The German Library
The German Library series is unique for presenting an entire foreign culture to the English speaking world, from 800 A.D. to the present. It includes not only works of literature in translation, but also philosophy, history, the visual and performing arts, the sciences, the social sciences, psychology, and religion.
The quality and range of The German Library are without parallel, as attested by notices in the Washington Post Book World ("distinguished"), Booklist ("important"), Choice ("outstanding translations"), Unterrichtspraxis ("reliable"), and elsewhere.
The German Library was conceived in 1980 by Volkmar Sander, Erich Maria Remarque Professor Emeritus of German at NYU and founder of the Deutsches Haus at NYU, and Werner Mark Linz, founder and president of the Continuum Publishing Company. The first ten volumes were issued in 1982.
The German Library encompasses German, Austrian, and Swiss authors, essayists, and thinkers. Altogether, nearly 1,000 figures are included, from Wolfram von Eschenbach and Hildegard of Bingen to Heinrich Böll, and in between Goethe, Schiller, Lessing, Heine, Schopenhauer, Kant, Hegel, Rilke, Nietzsche, Büchner, Schnitzler, Marx, Kraus, Kafka, Musil, Freud, Horkheimer, Adorno, Brecht, Dürrenmatt, Hochhuth, Frisch, Timm, and Bernhard.
Many of The German Library volumes feature introductions by internationally renowned figures such as Günter Grass, E. L. Doctorow, John Irving, Hannah Arendt, Max Frisch, Alfred Kazin, Peter Gay, Joel Agee, Harold Bloom, John Simon, Howard Nemerov, and René Wellek. Among the editors of individual books are scholars such as Peter Demetz (Yale), Sander L. Gilman (Chicago), Reinhold Grimm (California), Victor Lange (Princeton), Wolfgang Schirmacher (The European Graduate School) and A. Leslie Willson (Texas).

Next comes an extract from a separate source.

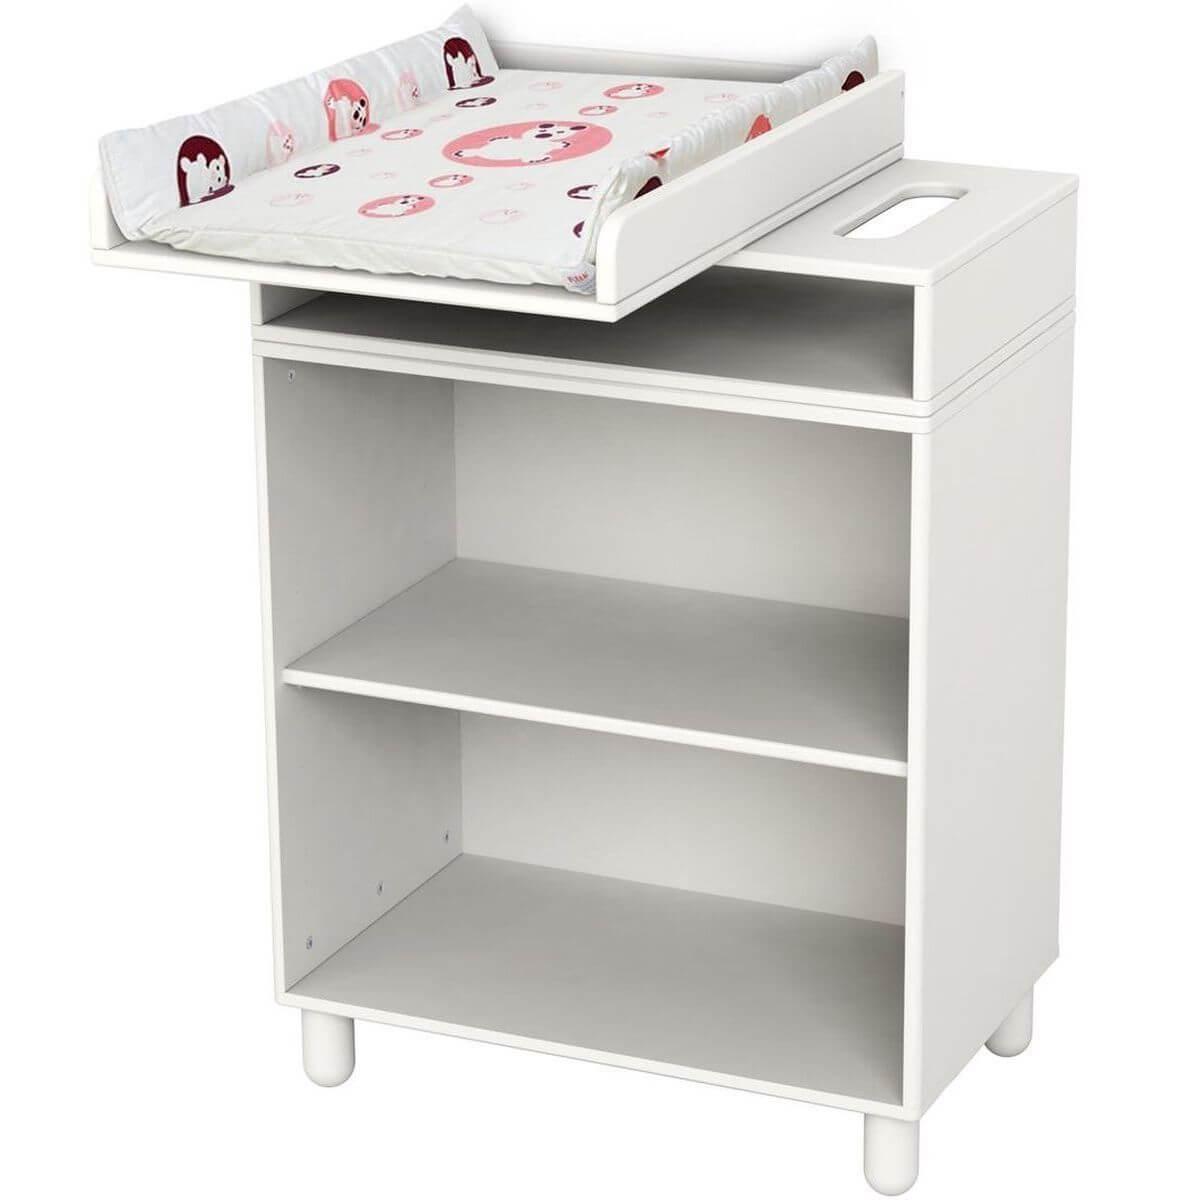 Table à langer bébé FLEXA BABY Blanc

Seventeen Nobel Prize winners are published in The German Library, both in literature and the sciences, among them Gerhart Hauptmann, Hermann Hesse, Thomas Mann, Nelly Sachs, Elias Canetti, Heinrich Böll, Günter Grass, and Elfriede Jelinek (in Contemporary Austrian Writings), Albert Einstein, Max Planck, Werner Heisenberg, and Albert Schweitzer.
The German Library has been supported from the beginning by the Deutsches Haus at New York University, Inter Nationes in Bonn, private agencies and corporations, as well as Stifterverband für die Deutsche Wissenschaft. In 2007, Continuum and Deutsches Haus celebrated the completion of the library with the publication of the 100th volume.